Licensing is sold on the basis of ensuring public safety. But the primary is to constrain the supply of labor, often leading to higher pay for those in the field. Licenses limit competition.

In December 2025, the hourly pay of an airline pilot at a major airline is about $360 per hour, and they are authorized to fly up to 1,000 hours per year. Top pay for the most experienced is closer to $500/hour. Plus they get paid for other functions including training and re-certification, and receive profit sharing.

See American Airlines Pilot Posts Salary On Reddit, Leaves Internet Speechless – One Mile at a Time

The result is experienced pilots – licensed and unionized – and for which new entrants is highly restricted – earn $400,000 to $500,000 or more per year. Their salary has nothing to do with their specific job function – it has to do with using laws, regulations and rules to restrict the labor supply.

After the Colgan air disaster, Congress mandated new pilots have a minimum of 1,500 hours of flight experience (with some exceptions) before flying airline transports. The US is the only country that does this, and oddly enough, the pilots in the Colgan air disaster had more than those hours! Most countries put new pilots with 500+ hours into the right seat of many airliners. (Note – both Colgan pilots had well above the 1,500 hours – the Captain was ATP certified but the first officer was commercial rated, which was then legal. 1,500 hours are required to obtain the ATP license.

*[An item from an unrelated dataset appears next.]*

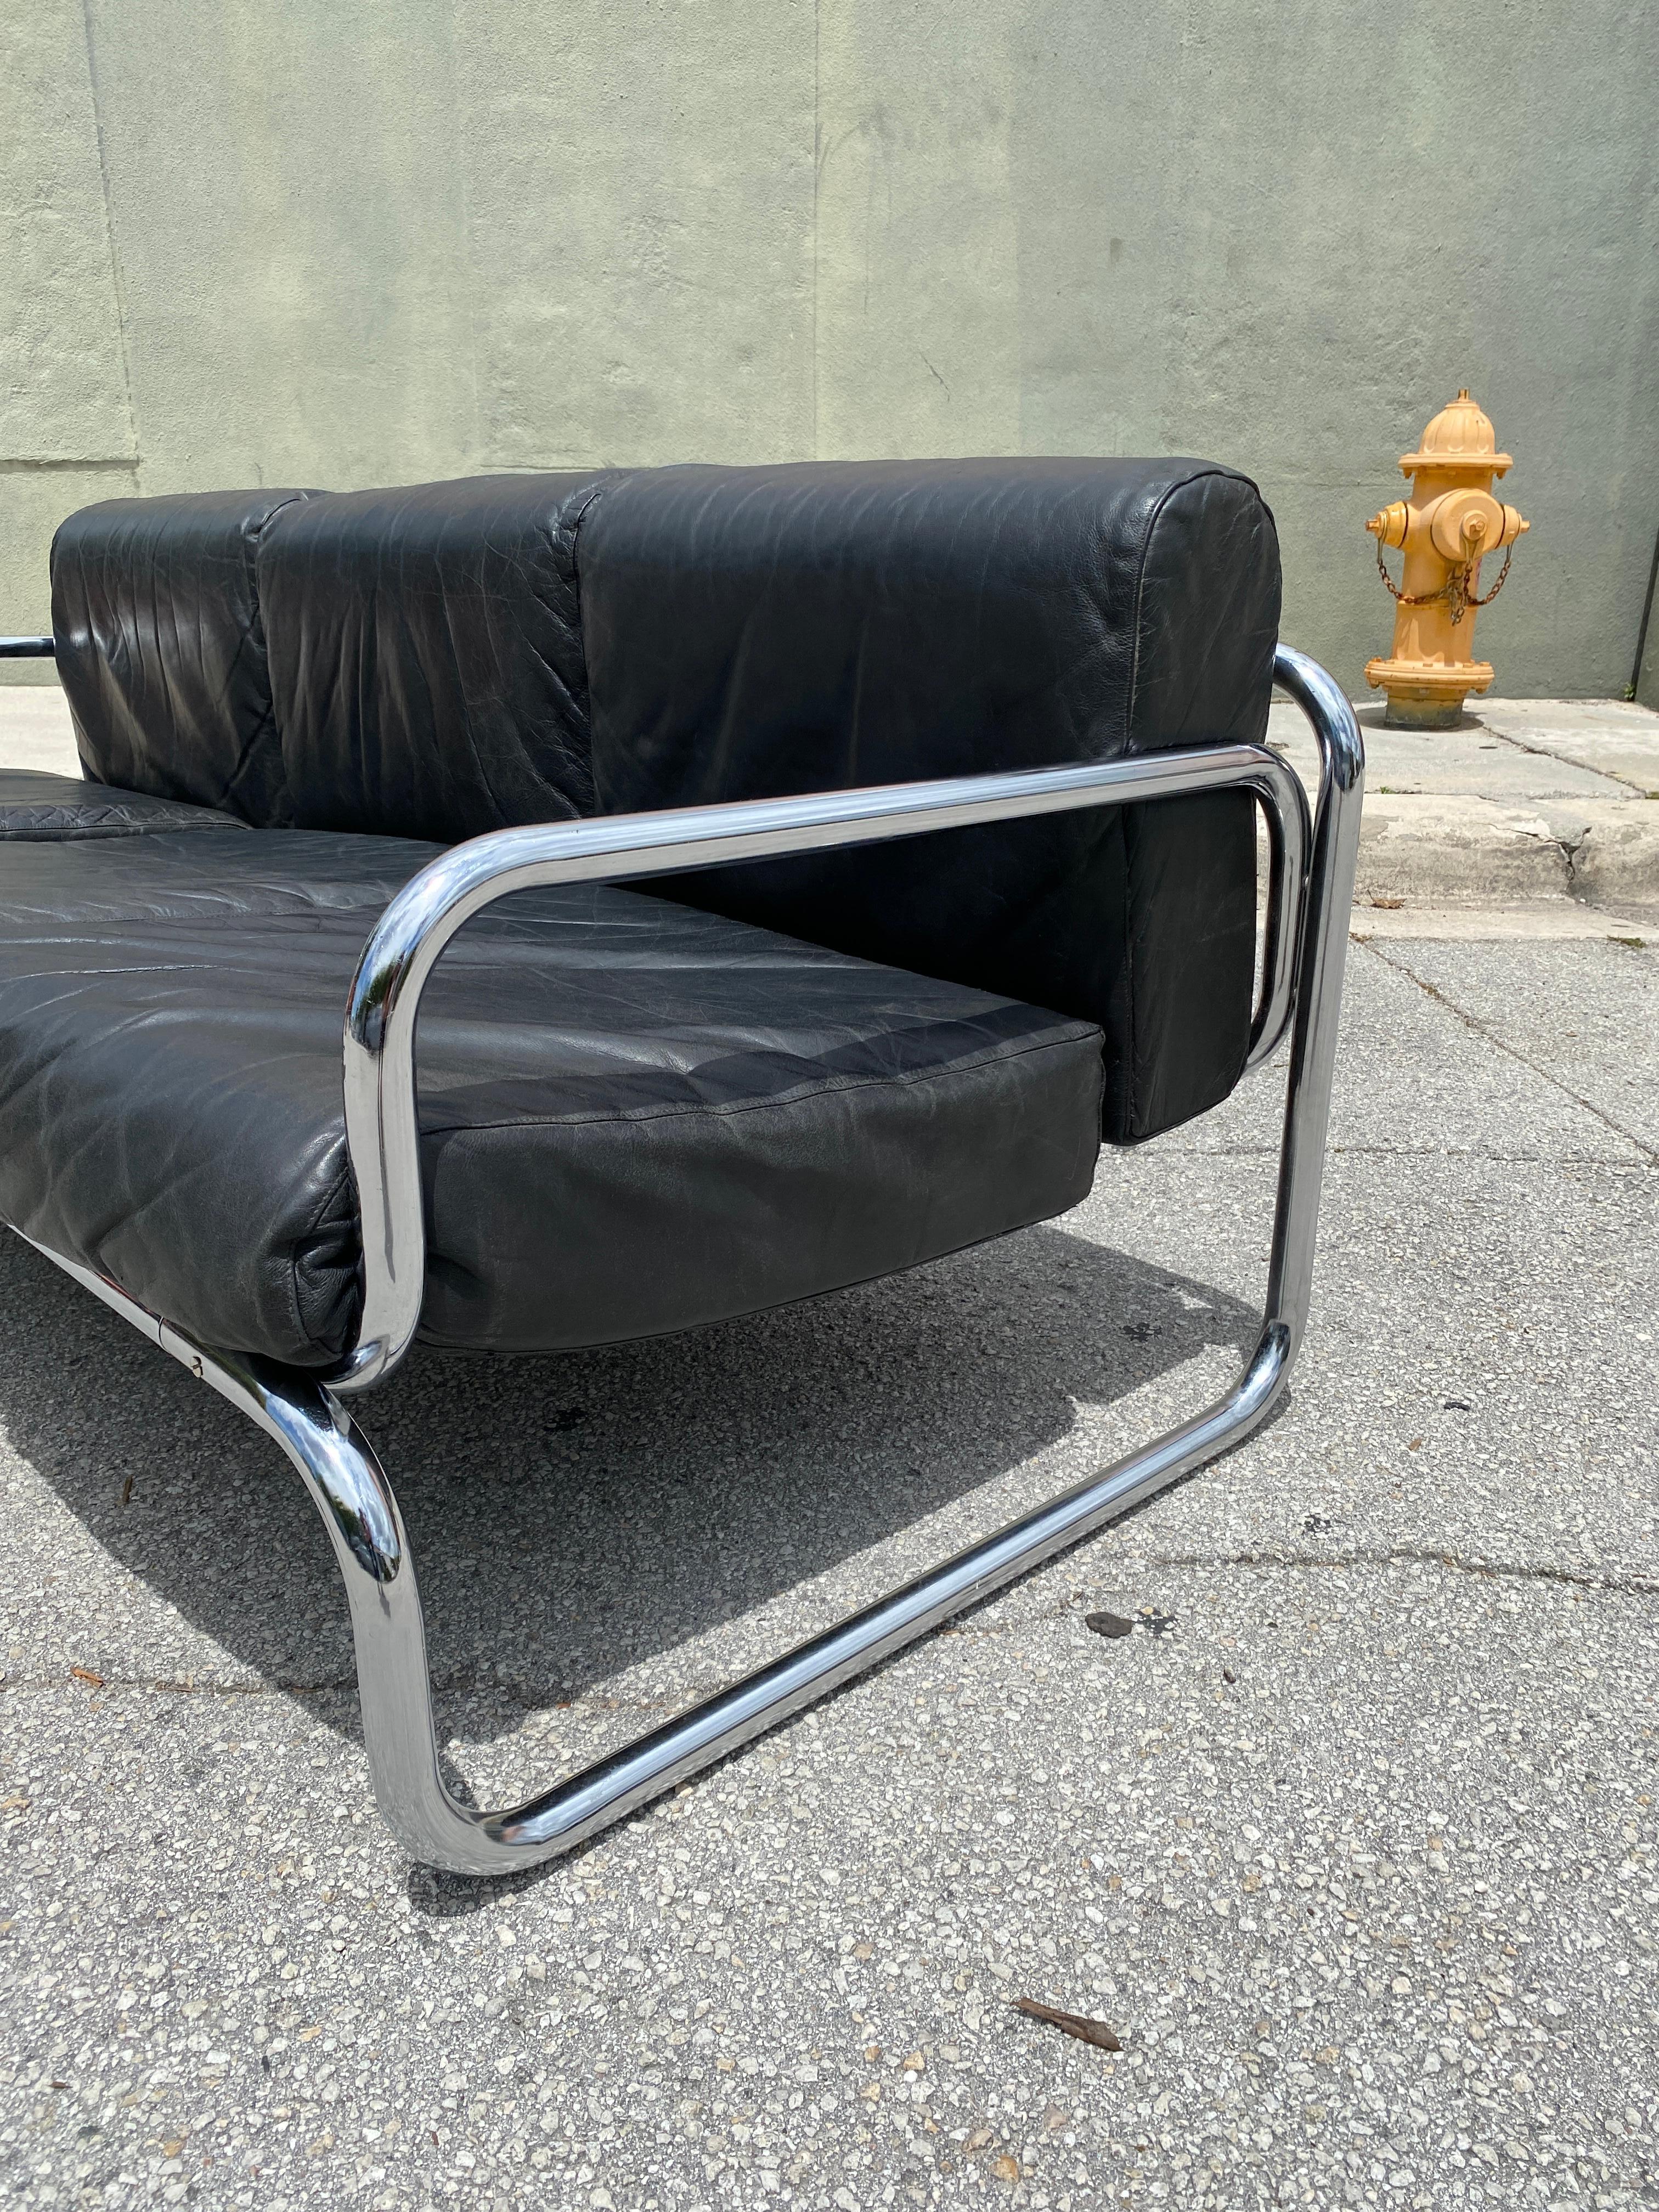 Mid century Rodney Kinsman ‘T Range’ three seater sofa for OMK with black hide seat cushions and chrome tubular frame. Circa 1960s.

Measures: 72.5

Fatigue and bad training were considered major causes of the crash.)

This has constrained the supply of new pilots whose self-funded training can cost $100,000 or more, followed by years working as a low paid flight instructor (to build hours) and then possibly flying small cargo or scenic tourist flights before qualifying for an airline position.

Second, the airline union limits “regional” jet companies to planes with 76 passengers or less. This results in smaller airports having more expensive services. When Alaska hires Horizon to serve our local airport, Horizon can only fly small jets. If Alaska itself flew the flight (and they do one flight per day now), they can fly a larger Boeing 737 which with fewer trips, is environmentally better than flying multiple smaller planes.

The point of this is that if choosing careers today – pick one that requires a license as the license will limit your competition. That means choosing careers in health care, or as a licensed professional engineer, or as a licensed pilot, CPA or stockbroker.

Few careers offer the extreme pay of today’s airline pilots – which have managed to use licensing, unionization, and lobbying Congress for laws that lessen competitive pressures.